Perchè si traduce la letteratura araba? Una provocazione (di nuovo)

Arabisti e traduttori letterari attenti. Potreste forse tra poco ritrovarvi senza lavoro. A meno che le case editrici non cambino la loro politica.

In poche parole, è questo il pensiero dello scrittore e critico letterario egiziano Ibrahim Farghali, il quale in questo articolo pubblicato sul suo blog dal titolo           هل من ضرورة لترجمة الأدب العربي؟ هل هناك أهمية لترجمة الأدب العربي إلى لغات أجنبية حقا؟ , e poi tradotto in inglese su The National (la traduzione del titolo lascia parecchio perplessi…), lancia una bella provocazione agli editori europei (spero non a noi lettori!).

L’intellettuale si chiede due cose, la prima: è davvero necessario ed importante che la letteratura araba venga tradotta nelle lingue straniere (*europee: inglese-francese-tedesco)? E continua: qual è il valore di queste traduzioni? Aiutano davvero a diffondere i valori e la natura della letteratura araba tra i lettori di altre lingue?

La risposta è tranchant: un secco NO ad entrambe le domande.

Farghali è infatti convinto che queste traduzioni abbiano tradito due volte la letteratura: non hanno saputo veicolare correttamente la vera natura della variegata produzione letteraria in lingua araba, né sono state in grado di acquisire un nuovo pubblico al di fuori di quello arabofono.

di Ibrahim Farghali, traduzione in inglese pubblicata da AUC Press, 2007

[Da dove Farghali abbia preso i dati per sostenere le sue tesi, non ne ho idea. Tra l’altro lo stesso ammette di essere in qualche modo parte in causa della questione, dal momento che un suo romanzo è in effetti stato tradotto in inglese, cfr a lato].

Secondo Farghali il libro arabo è stato doppiamente tradito: in patria, dove l’immagine, la forma (commerciale, estetica) prevale sulla sostanza, e nel mondo occidentale, dove è vittima, ancora e per sempre, dello sguardo orientalista del lettore europeo, grazie al pessimo lavoro della “classe editoriale europea” che rinfocola sempre gli stessi stereotipi sul mondo arabo tramite le pagine dei libri che traduce.

In conclusione Farghali ammette che il lavoro dei consulenti editoriali europei, nello scegliere il prossimo romanzo arabo da tradurre, non è dei più facili e per questo dà loro un consiglio: nella selezione dell’opera, è il valore letterario di quest’ultima il primo, se non unico, criterio di discernimento.

Al momento, commenta con amarezza lo scrittore, il processo di selezione si basa solo su considerazioni di tipo sociale e politico.

***

E a questo proposito, cfr. a titolo di esempio tutti i romanzi/saggi usciti nel post-primavera araba e tradotti nelle lingue europee.
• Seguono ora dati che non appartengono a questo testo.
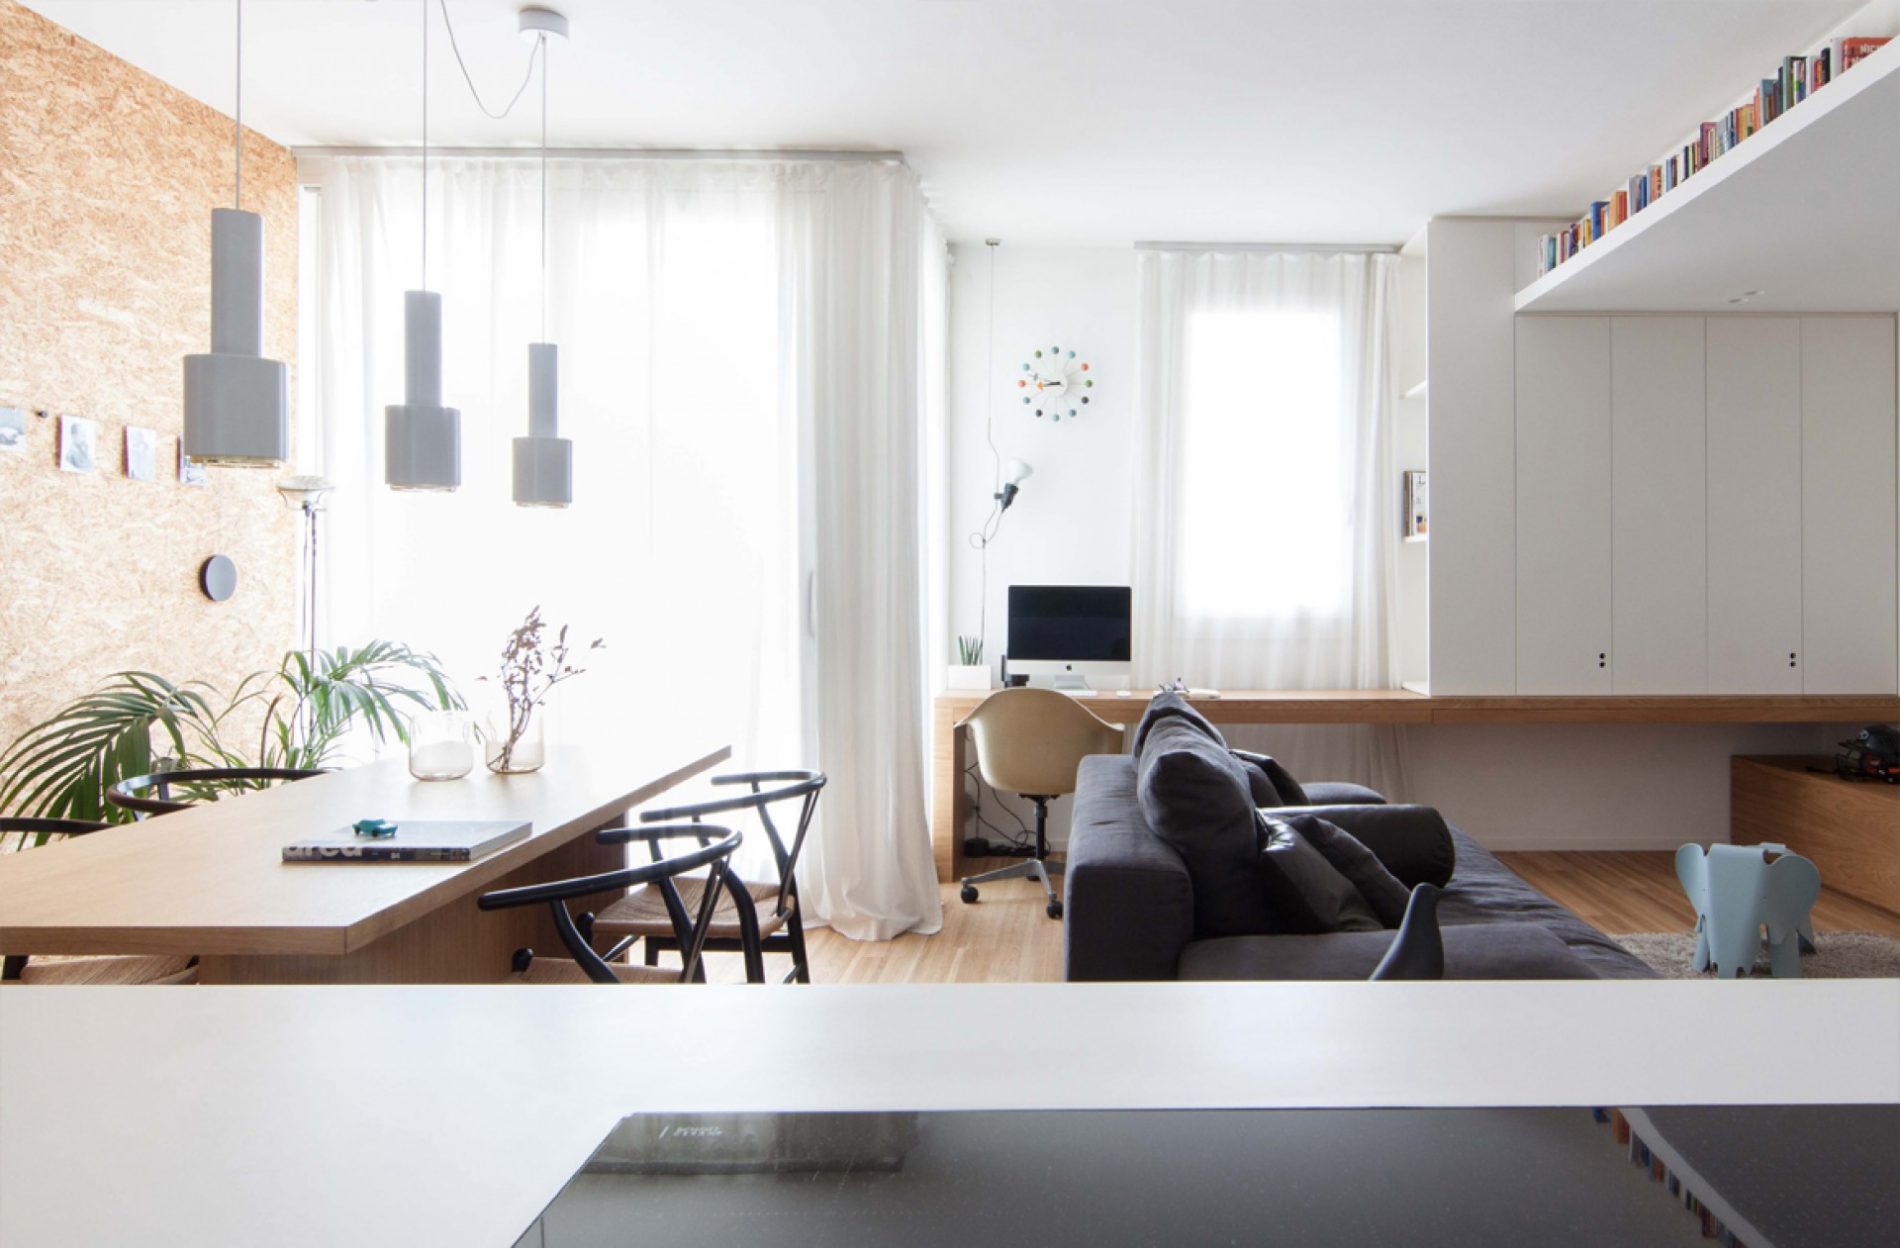 Italian minimalism in interior design

Le traduzioni vanno dove..vogliono i lettori o dove spinge il mercato?

(E nessuno mi venga a dire che noi lettori non abbiamo gusto, perchè questo è un argomento che non sosterrò mai).

3 commenti

  1. Sono d’accordo col succo del discorso, che la letteratura araba ha il sacrosanto diritto di vedersi trattare come qualsiasi altra letteratura, cioè va cercata e promossa nelle sue forme migliori.
    Basterebbe fare una lista delle “sole” uscite di quest’anno per rendersi conto di ancora quanti libri mediocri vengono tradotti, di quanti altri, magari buoni, escono con case editrici troppo piccole e la loro esistenza è praticamente inesistente. O quante traduzioni che non fanno onore all’originale, piatte se non sgrammaticate.
    I numeri non fanno tutto. Quest’anno sarà anche aumentato il numero dei libri tradotti, ma la qualità?
    La colpa però non si può dare tutta agli editori, il fenomeno delle pubblicazioni mediocri non mi sembra nato con la Primavera araba. Ci vorrebbe anche una buona autocritica da parte degli arabisti e i criteri che adottano per scegliere, proporre e tradurre i libri. Io vedo molti libri tanto firmati quanto poco curati.